Советский Союз превращался в карикатуру на царскую Россию. Совслужащие и школяры облачились в вицмундиры. Элита переселилась в просторные и светлые «сталинские» квартиры, народ остался в подвалах и коммуналках. Даже в пролетарском Свердловске квартал элитных «сталинок», выстроенных для уралмашевского начальства, в народе прозвали дворянским гнездом.
«В послевоенной полуголодной Москве бабушка звонила маме на работу с восторженным докладом о моем завтраке:
— Витюша съел целую баночку черной икры!», — вспоминал Виктор Ерофеев, сын высокопоставленного дипломата [3] . Чуть повзрослевшему «Витюше» московские одноклассники казались «оборванцами, маленькими клошарами», они «пахли бедностью» [4] .
Демократичная хрущевская эпоха несколько сгладила социальную рознь, но не искоренила ее. На смену баракам пришли пятиэтажки, народ несколько раз «расслаивался» на высших и низших, привилегированных и «остальных». Престижные прежде профессии превращались в занятия для «лохов», в моду входили другие, прежде невысоко котировавшиеся.
Последний всплеск «классовой борьбы» случился в середине — второй половине восьмидесятых, во время перестроечной «войны» с номенклатурными привилегиями. Новая революция стала закономерным итогом двадцатого века с его пошатнувшейся верой в разум, в человека, в построение идеального общества. Писатель Борис Хазанов называет доминантой нашего времени «горькое разочарование в демократическом идеале XIX <…> в том, что именовалось творческими потенциями народных масс» [5] .
Новое время не знает жалости к «маленьким людям». Лозунгом времени стала перевранная русская пословица про богатых и здоровых. «Маленький человек» либо деградировал, превратившись в бомжеватых героев «новой драмы», либо морально устарел, стал воспоминанием, сюжетом из истории литературы, сохраненным лишь на страницах школьных учебников.

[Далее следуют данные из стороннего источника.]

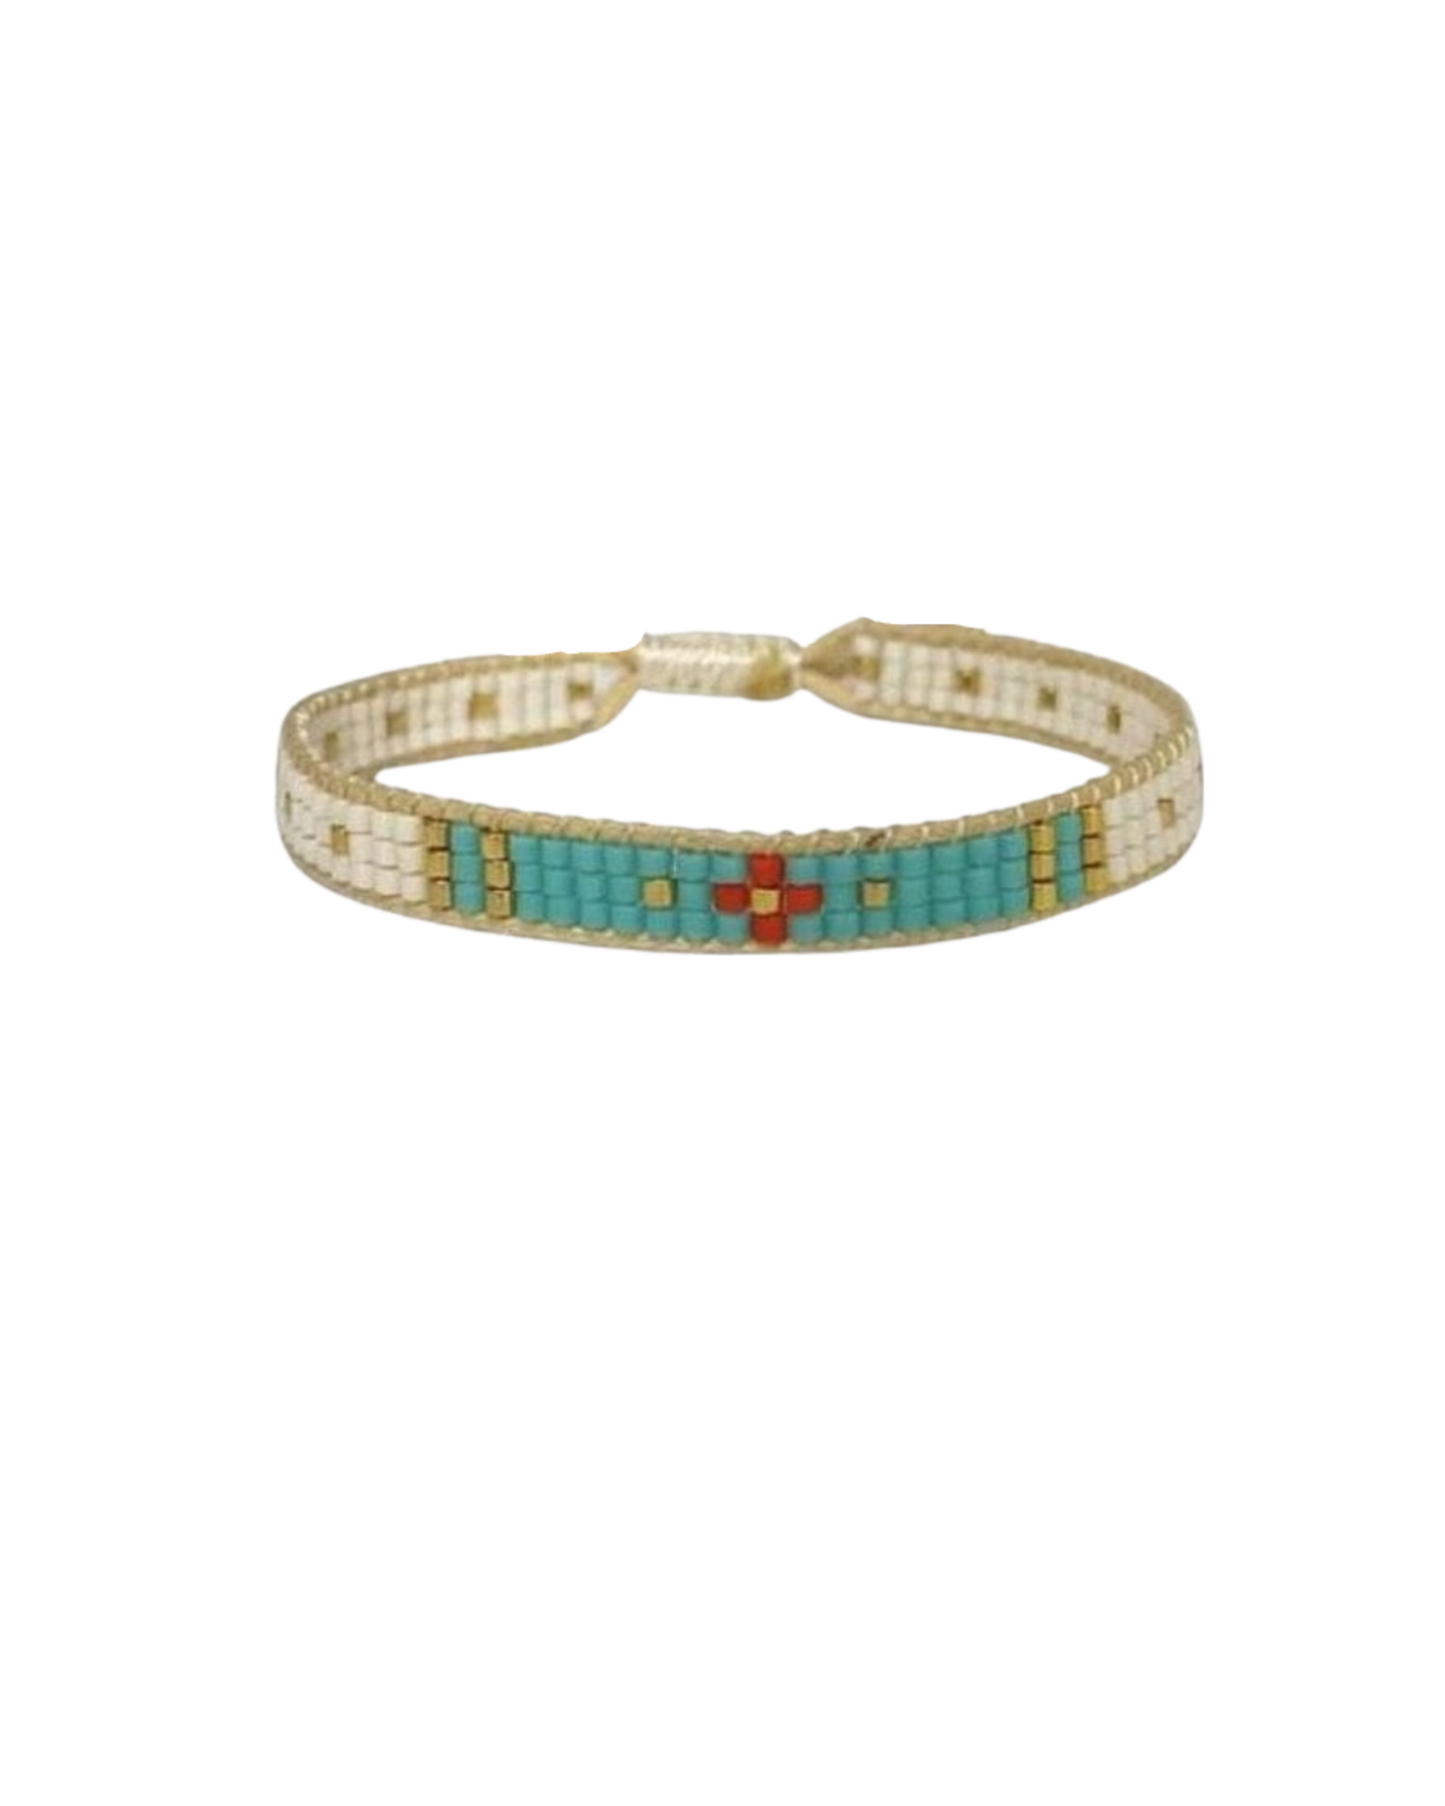 Ivory and turquoise mexican bracelets

Передо мной два словаря: «Современный словарь иностранных слов» 1992 года, подготовленный еще в Советском Союзе, и «Новейший словарь иностранных слов и выражений» 2003 года. В старом словаре читаю: «Гуманизм — совокупность идей и взглядов, утверждающих ценность человека независимо от его общественного положения и право личности на свободное развитие своих творческих сил, провозглашающих принципы равенства, справедливости, человечности отношений между людьми». Из нового словаря исчезла фраза о ценности человека вне зависимости от его общественного положения. Что же, составители словарей — народ наблюдательный и восприимчивый. Зрят в корень.

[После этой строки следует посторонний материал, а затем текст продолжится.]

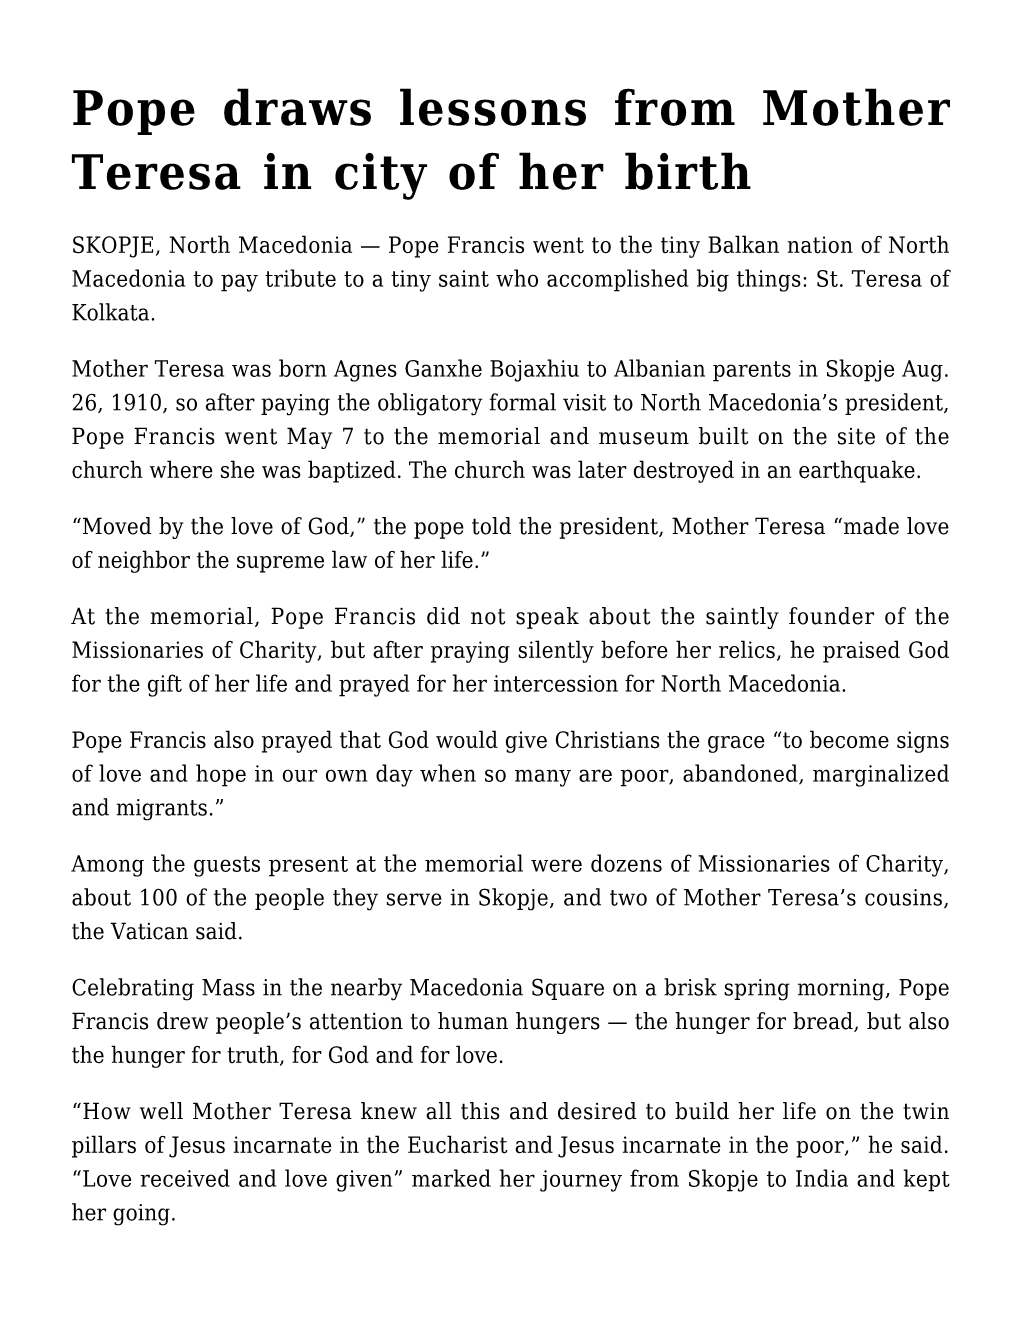 Pope Draws Lessons from Mother Teresa in City of Her Birth

С булгаковских и зощенковских времен прошли десятилетия, иные потомки Шарикова окончили престижные университеты и защитили ученые степени. В девяностые годы пришло время поквитаться за старые обиды, и уж здесь несчастным «совкам» припомнили многое. Новый классовый подход, новый взгляд, превративший «маленького человека» едва ли не в человека убогого, морально ущербного. Бенедикт Сарнов так характеризовал родственных Шарикову героев Зощенко: «Они даже не подозревают о существовании каких-либо моральных координат. Они не „преступают” их, потому что им нечего преступать. У них отсутствует тот орган, наличие которого так умиляло старика Канта и который <…> он называл нравственным законом внутри нас» [6] .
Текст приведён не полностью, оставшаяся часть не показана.